## SUPPLIED MATERIAL
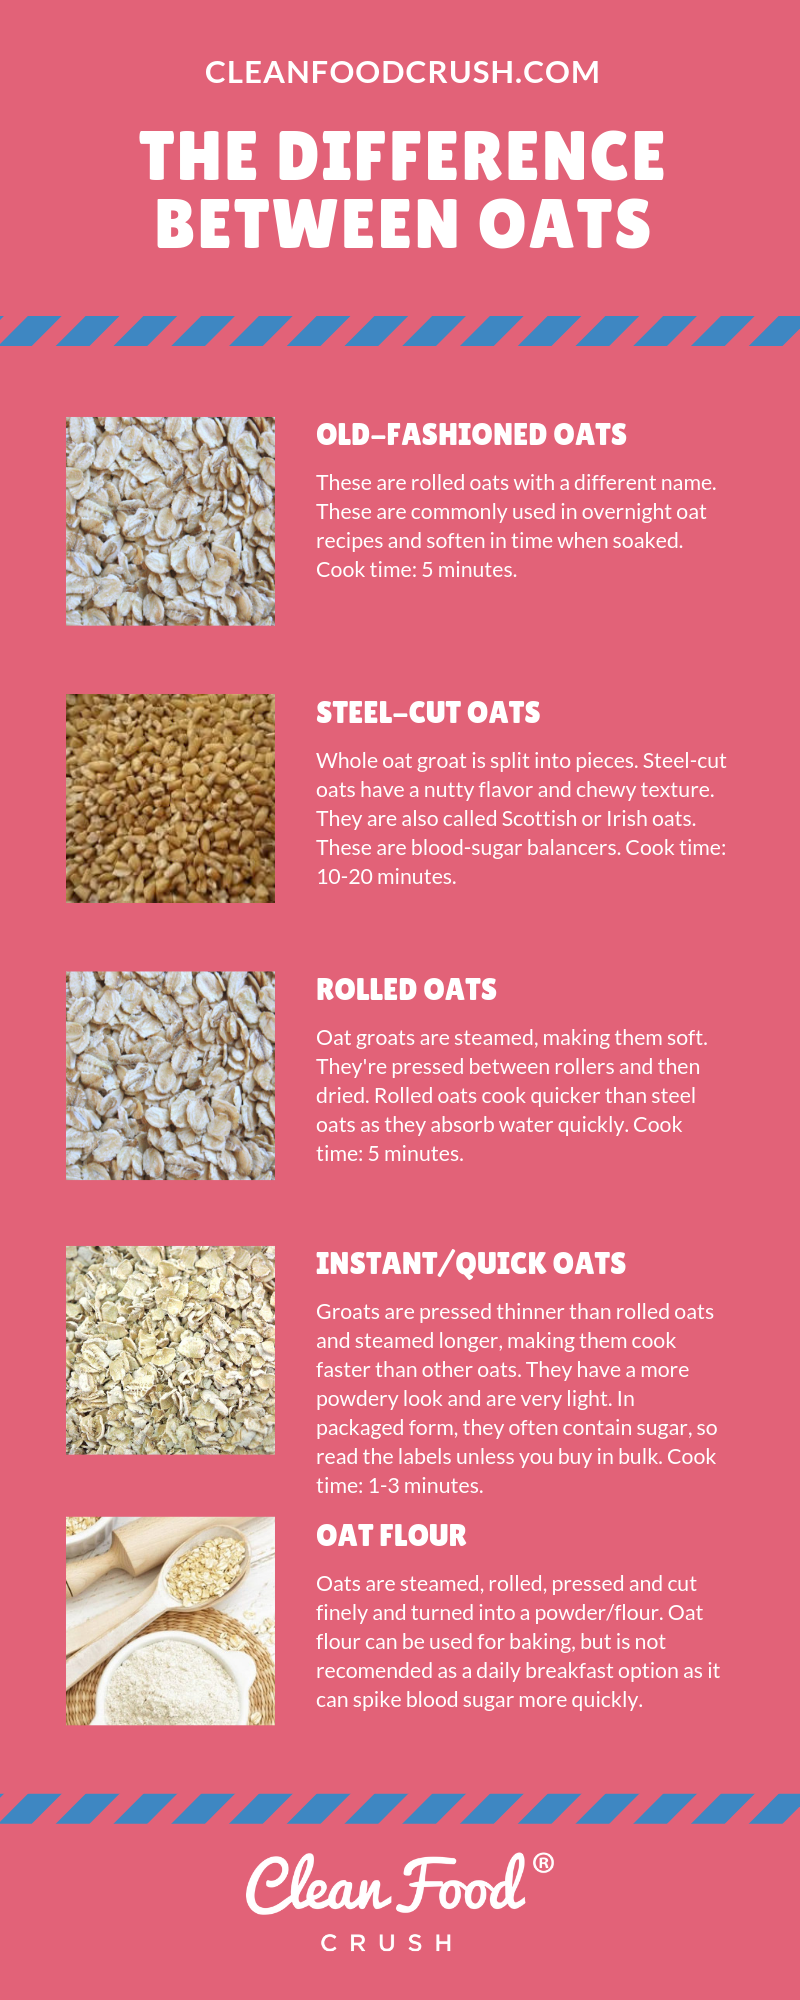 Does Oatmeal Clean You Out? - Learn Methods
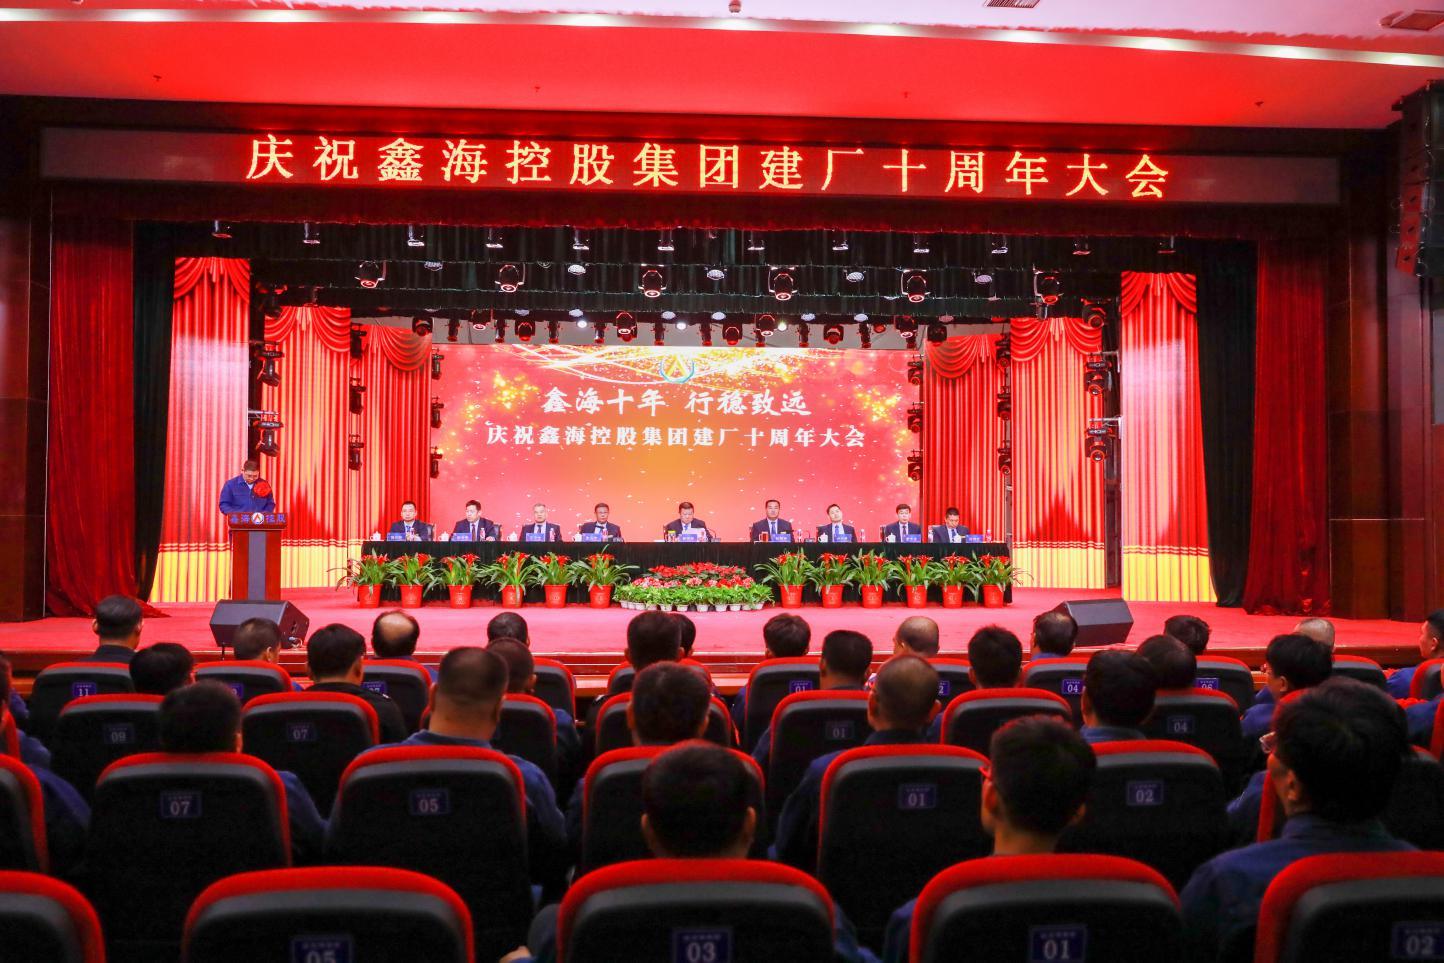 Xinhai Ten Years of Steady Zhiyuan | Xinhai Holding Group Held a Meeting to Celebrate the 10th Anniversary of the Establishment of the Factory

---

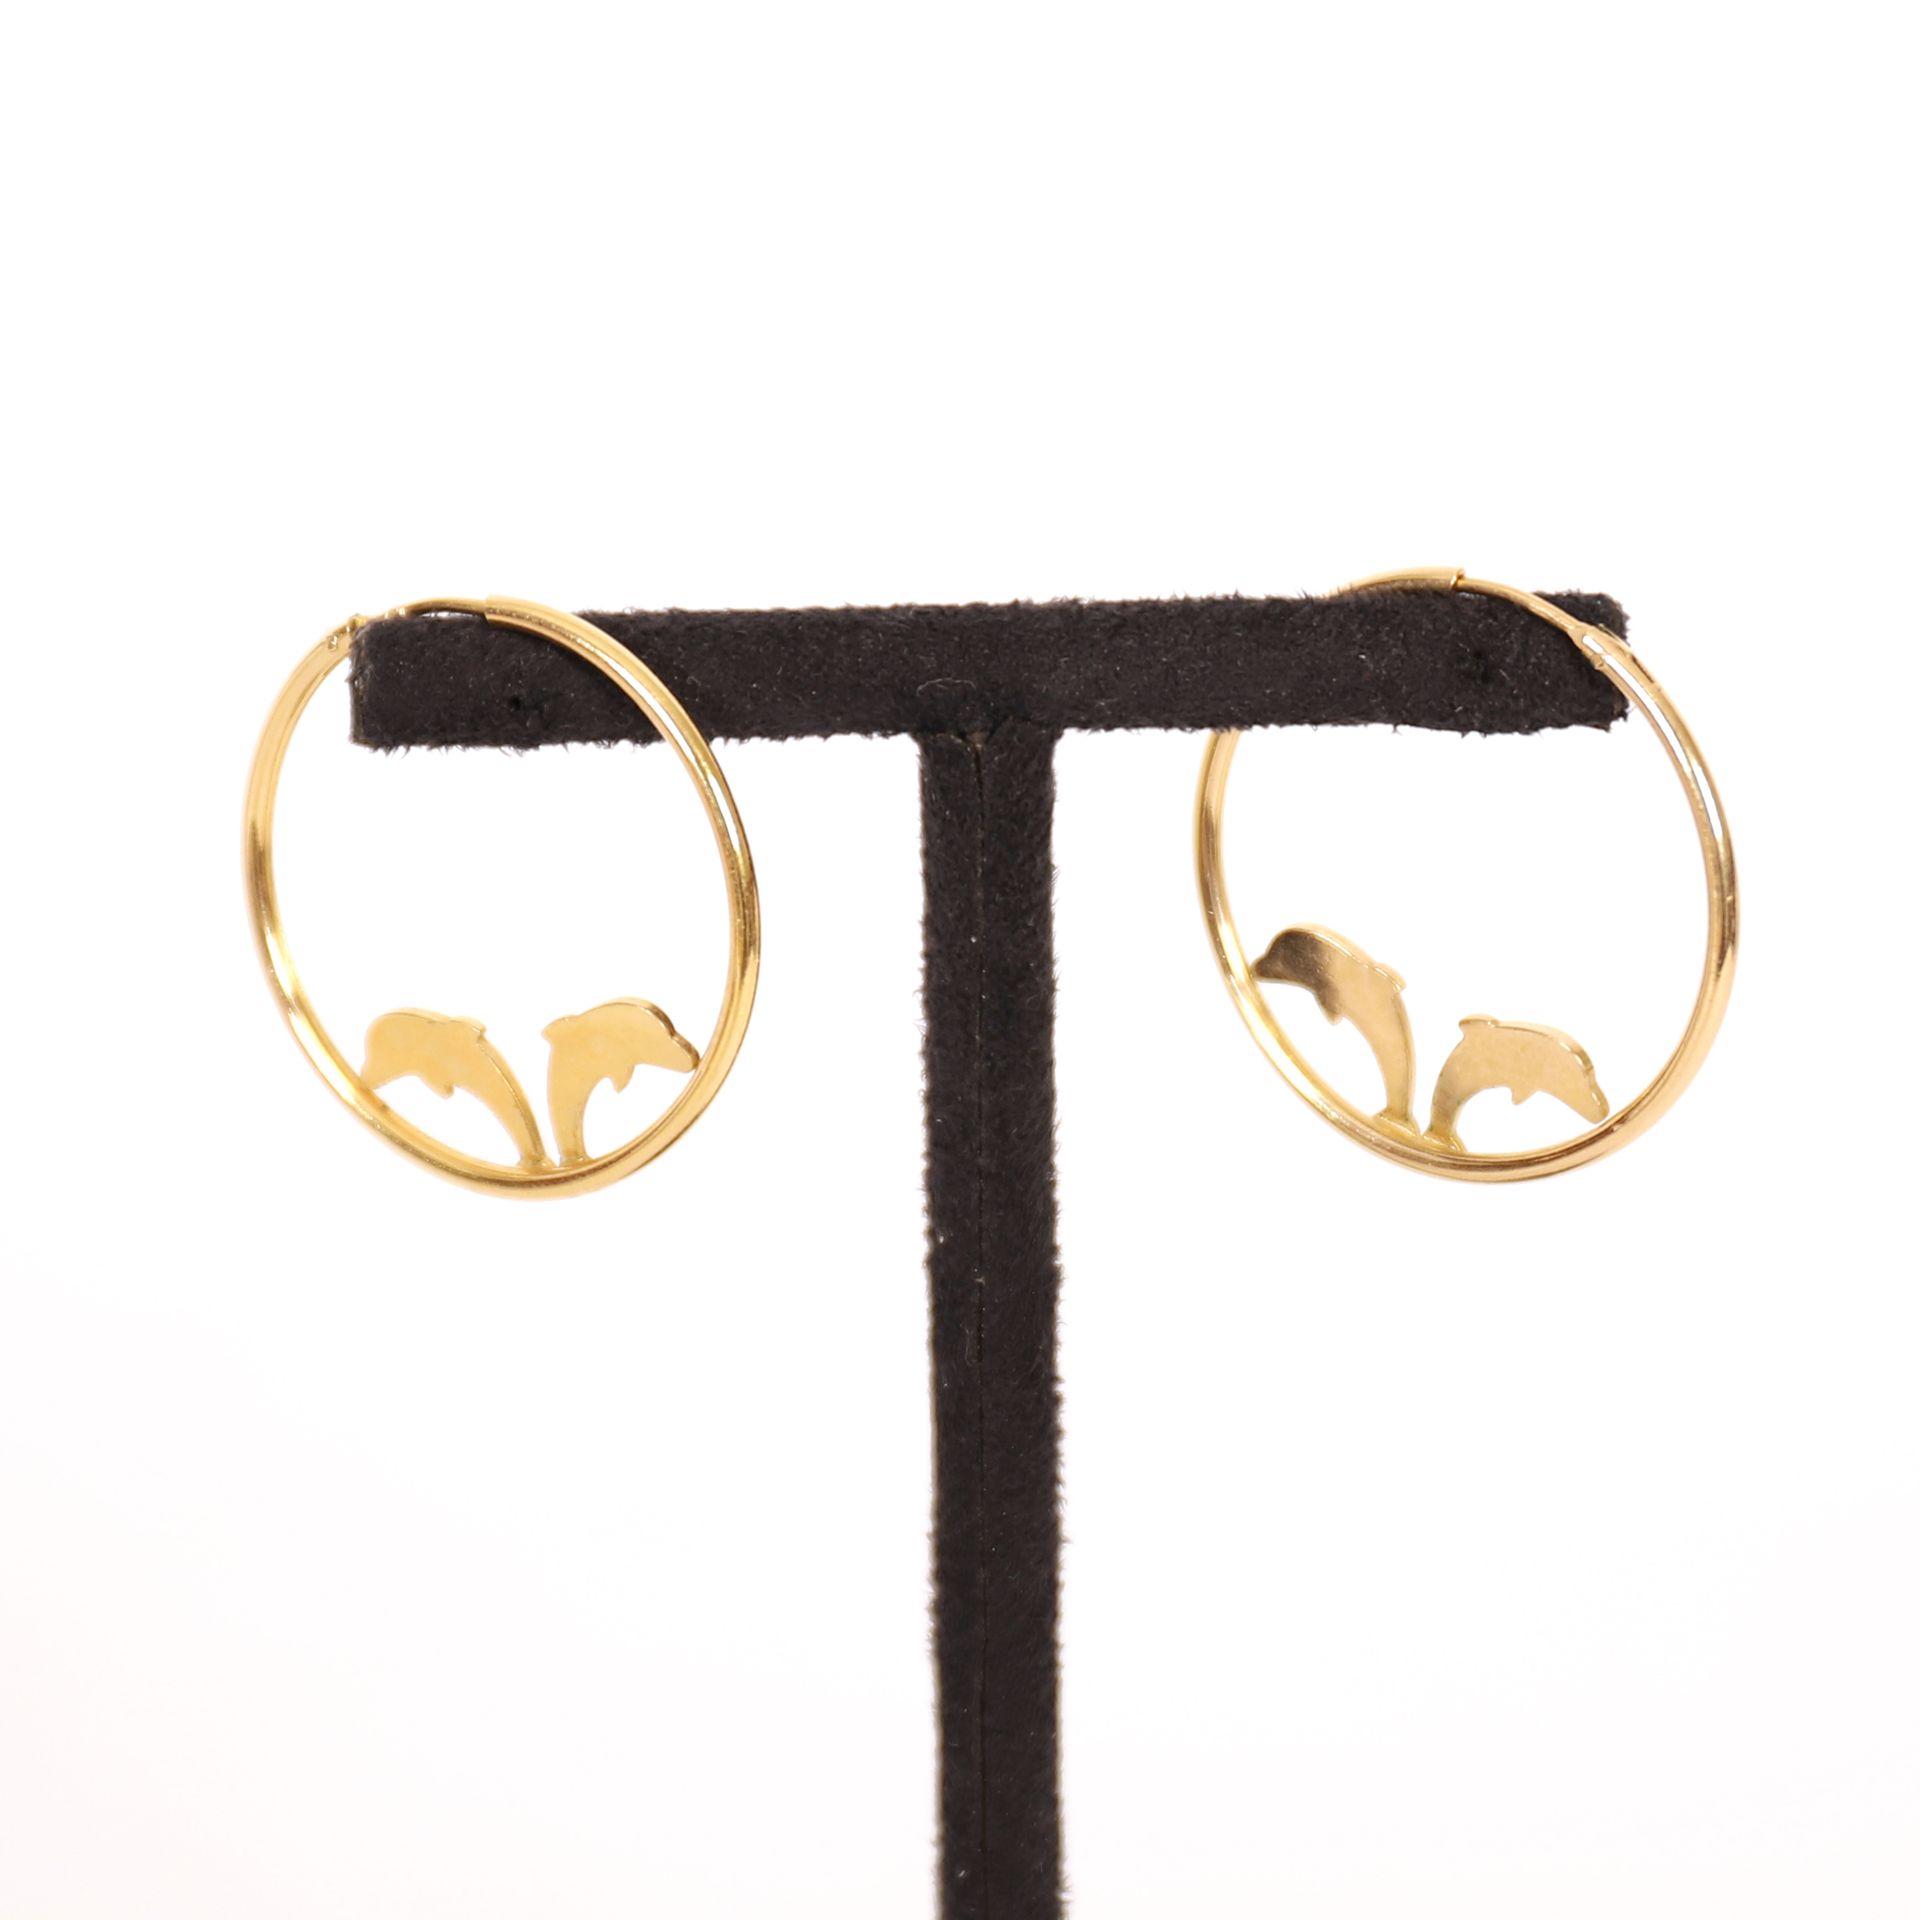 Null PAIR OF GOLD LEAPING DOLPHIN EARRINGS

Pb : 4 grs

## YOUR INSTRUCTIONS
Reproduce the records above exactly, but only from the line with "Does Oatmeal Clean You Out? - Learn Methods" up to and including the line with "Xinhai Ten Years". Leave the pictures out.

## EXERCISE SOLUTION
 Does Oatmeal Clean You Out? - Learn Methods
 Xinhai Ten Years of Steady Zhiyuan | Xinhai Holding Group Held a Meeting to Celebrate the 10th Anniversary of the Establishment of the Factory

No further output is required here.